Então, o profeta Maomé orou: “Deus, tu que deste tanta força à Ali, agora dê à ele também uma espada”. Em seguida, apareceu o anjo Gabriel trazendo consigo a espada Zulfiqar e proclamando o seguinte: “O líder dos homens, o Leão de Deus, o Poder de Deus, não há homem mais corajoso no mundo do que Ali, não existe espada como Zulfiqar.”

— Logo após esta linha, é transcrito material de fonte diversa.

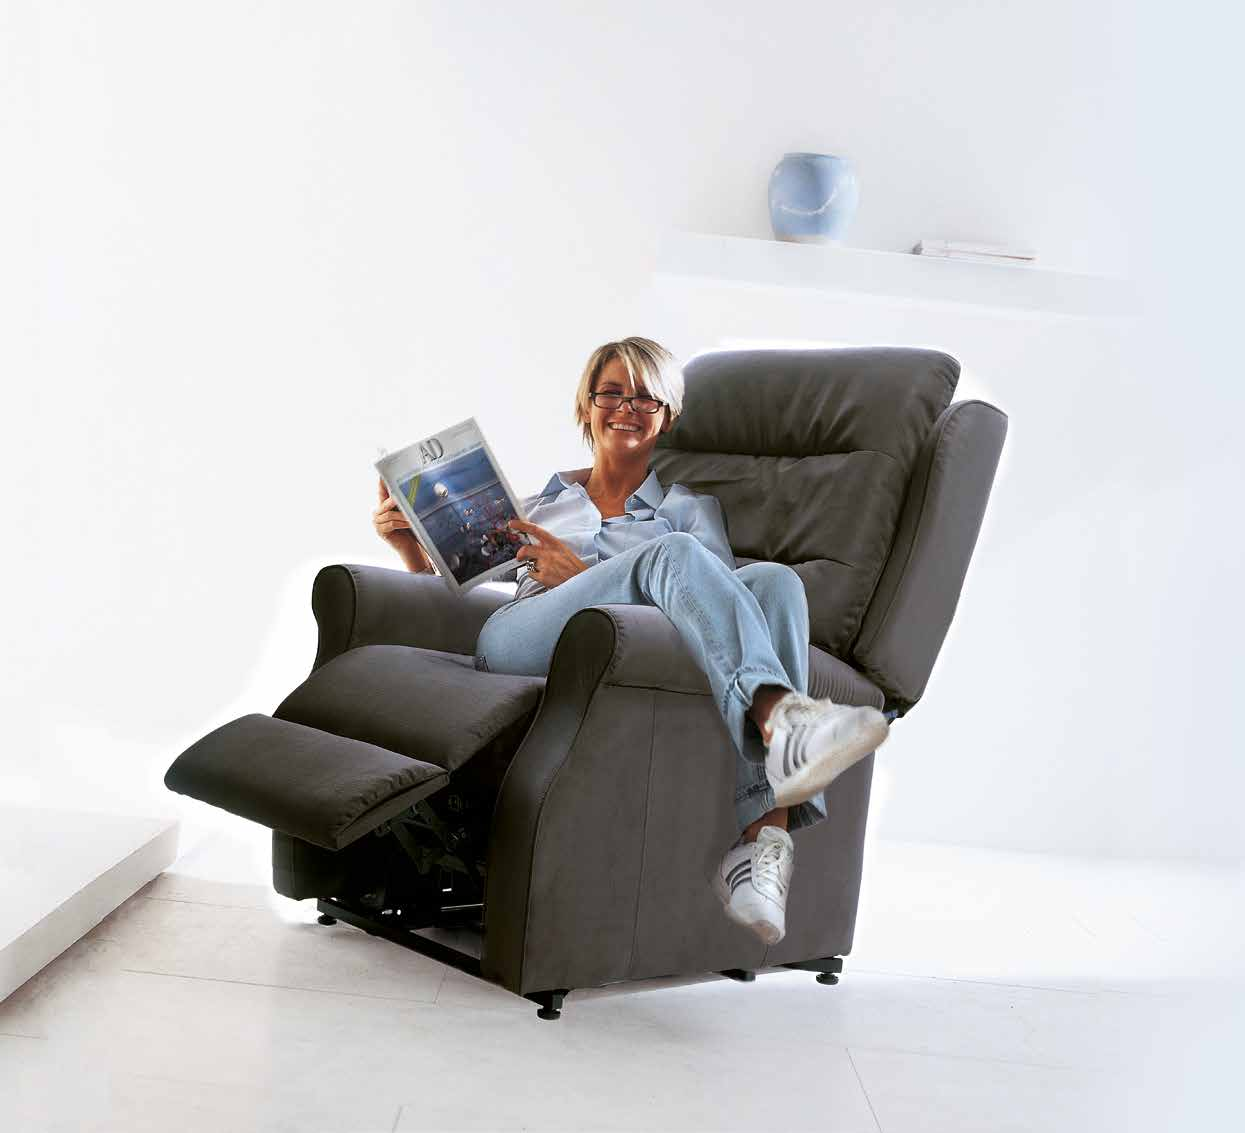 Madison Plus Massimo Comfort Invacare offre un'ampia gamma di soluzioni per chi desidera rilassarsi stando comodamente sdraiato o per chi ha la necessità di alzarsi in piena autonomia.

A maior parte dos registros históricos afirma que Ali usou Zulfiqar na Batalha da Trincheira para cortar ao meio um de seus inimigos e seu escudo. O inimigo era Amr ibn Abdawud, cuja força era comparada à de mil homens. Ninguém tinha se atrevido até antão a lutar com ele. Ali o aniquilou com um único golpe, mesmo que Amr usasse uma armadura muito resistente e portasse armas poderosas.
Pela tradição popular xiita, Zulfiqar foi passada de imã para imã, e está agora em posse do 12º imã, conhecido como Mahdi, o redentor profetizado do Islã. Ele haverá de permanecer na Terra por sete, nove ou dezenove anos, de acordo com as diferentes interpretações, antes da chegada do dia final, o Dia da Ressurreição. Os muçulmanos acreditam que o Mahdi, juntamente com Jesus, livrará o mundo do erro, da injustiça e da tirania, e certamente usara Zulfiqar para isso.